#### [Goal of the exercise]
A stretch of the entries below is to be set down exactly, running from the line with "Pakistan, KARACHI, Oyster" through the line with "Wolcott Volunteer Ambulance Association", both included, and no other line.

#### [Data to process]
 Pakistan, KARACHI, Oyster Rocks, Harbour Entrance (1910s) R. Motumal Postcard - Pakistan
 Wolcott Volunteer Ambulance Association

==

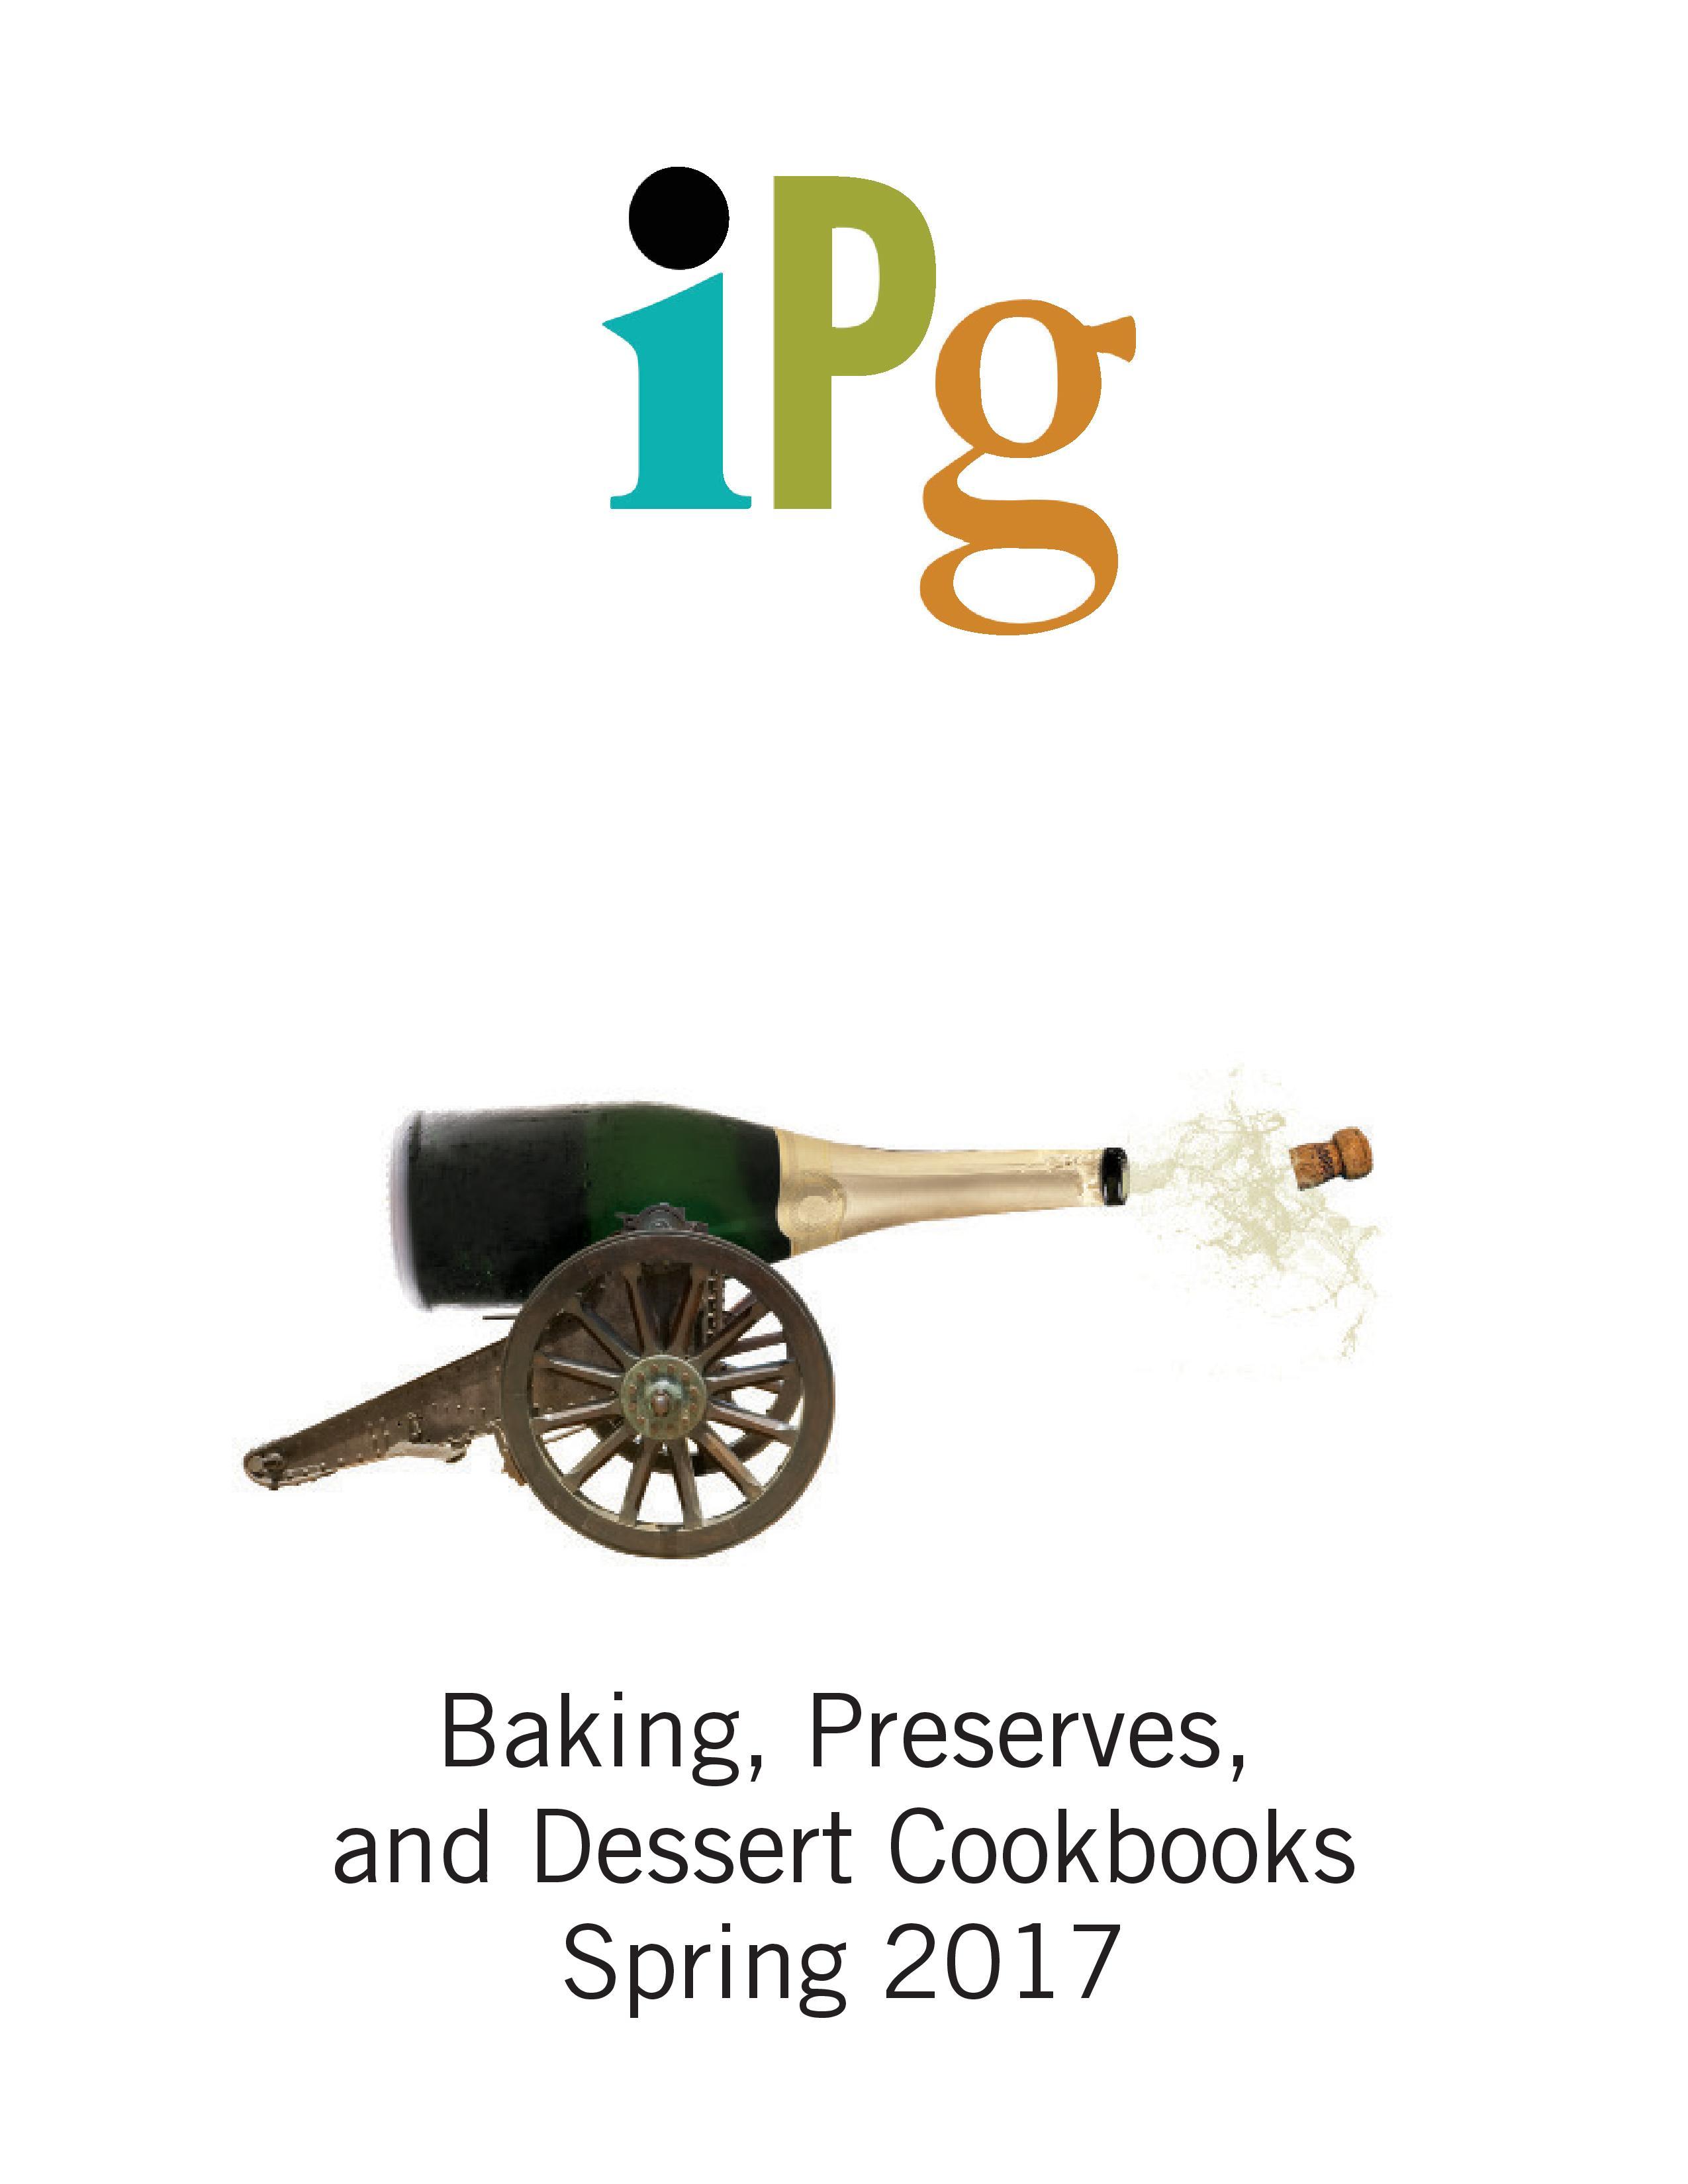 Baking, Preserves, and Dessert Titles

#### [Your solution]
 Pakistan, KARACHI, Oyster Rocks, Harbour Entrance (1910s) R. Motumal Postcard - Pakistan
 Wolcott Volunteer Ambulance Association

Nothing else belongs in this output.